36 In R v Daetz; R v Wilson [2003] NSWCCA 216; 139 A Crim R 398 at [62], James J referred to the approach to be taken to an assessment of the weight of extra-curial punishment in the following way:
"62 I have concluded from this examination of the authorities cited to the Court and especially Allpass, Clampitt-Wotten and Cooney that, while it is the function of the courts to punish persons who have committed crimes, a sentencing court, in determining what sentence it should impose on an offender, can properly take into account that the offender has already suffered some serious loss or detriment as a result of having committed the offence. This is so, even where the detriment the offender has suffered has taken the form of extra-curial punishment by private persons exacting retribution or revenge for the commission of the offence. In sentencing the offender the court takes into account what extra-curial punishment the offender has suffered, because the court is required to take into account all material facts and is required to ensure that the punishment the offender receives is what in all the circumstances is an appropriate punishment and not an excessive punishment. How much weight a sentencing judge should give any extra-curial punishment will, of course, depend on all the circumstances of the case. Indeed, there may well be many cases where extra-judicial punishment attracts little or no significant weight."
37 In Mackey v R [2006] NSWCCA 254, in a factual context not dissimilar to this case, the Court concluded that the sentencing judge did not err in failing to take into account the injury suffered by the offender when the injuries did not result in a serious loss or detriment.

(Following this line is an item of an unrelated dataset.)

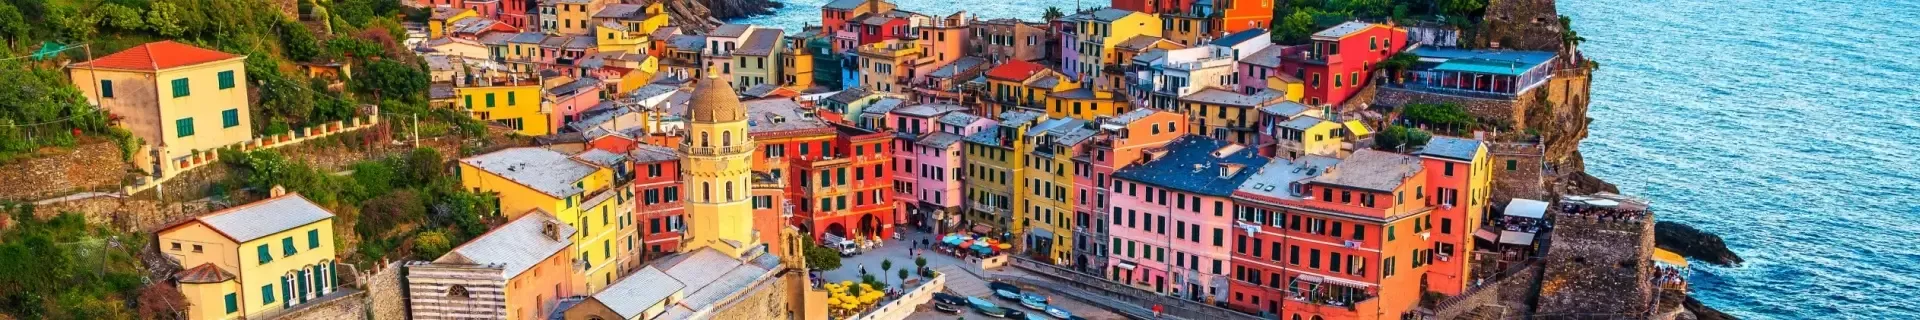 Italie Cinque Terre

38 The evidence before her Honour as to the extent of injuries the respondent suffered at the hands of others was limited to photographs of the injuries and mention made in the report of Mr Watson Monroe, consultant forensic physiologist, of the respondent having reported to him that he was initially hospitalised at Royal North Shore Hospital with fractures to his eye sockets and broken ribs before being remanded in custody, and that he has suffered shoulder pain since that time which has been treated with an anti-inflammatory drug. In my view, consistent with the overarching principle to which James J refers in R v Daetz and Wilson, the respondent's injuries, whilst not wholly irrelevant, ought to have been afforded little weight in mitigatory terms.
Has error requiring re-sentence been demonstrated?
39 In recognition of the width of the discretion that is the legitimate province of the sentencing judge, this Court has sought to deter both the Crown and offenders from instituting proceedings where the primary challenge is to the weight afforded to competing considerations in a sentencing exercise. However, after a careful review of her Honour's reasons for sentence, I consider that her discretion has miscarried due to the unwarranted weight she gave to what she described as the severe summary justice the respondent suffered at the hands of others in mitigation of sentence and by her failure to give any account to the risk to public safety his conduct occasioned as a circumstance of aggravation. This, together with her Honour's erroneous appointment of the offending as below mid range, satisfies me that another sentence is warranted in law and ought to have been passed in accordance with s 6(3) of the Criminal Appeal Act. For this reason it is not necessary for consideration to be given to the Crown's further submission that her Honour was not entitled on the evidence to regard the respondent's prospects of rehabilitation as favourable or to find that he was unlikely to re-offend, since these matters will be given fresh consideration on re-sentence.
40 In undertaking that exercise this Court must exercise its own sentencing discretion and make its own assessment of the position the respondent's offence occupies on a scale of objective gravity and, since the respondent was convicted after trial, in accordance with the approach mandated by s 54B(2) and (3) of the Sentencing Act.
41 After taking into account all the circumstances of the offence including, inter alia, the weapon used to inflict the injury and the injury that resulted, and despite the matters that bear relevantly on the respondent's mens rea, in particular his state of intoxication and his motivation, I regard the offending as within the hypothetical mid range for offending of the kind for which s 33 provides criminal sanction. Accordingly, the standard non-parole period of 7 years is the appropriate starting point for the calculation of sentence and a sentence that should be imposed subject to s 21A of the Sentencing Act.
42 I have already expressed the view that the offending was aggravated by the fact that it occurred in a public place where there was a palpable risk to members of the public and that for sentencing purposes this displaces any consideration being given to the injuries suffered by the respondent as members of the public sought to disarm and contain him. The respondent is however entitled to the benefit of a positive finding in so far as his assistance to the authorities is concerned which, together with the utility that resulted from pre-trial disclosure as provided for in s 21A(3)(l) and (m), I am satisfied results in a compound discount of 20 per cent. This will be featured in the sentencing order I propose.
43 With a view to determining the mitigatory effect of other matters specified as under s 21A(3) of the Sentencing Act, namely the respondent's record, his prospects of rehabilitation and the likelihood of him re-offending and the effect of those matters on the standard non-parole period, it is necessary to consider the evidence both at the time of offending and currently, as it concerns those matters.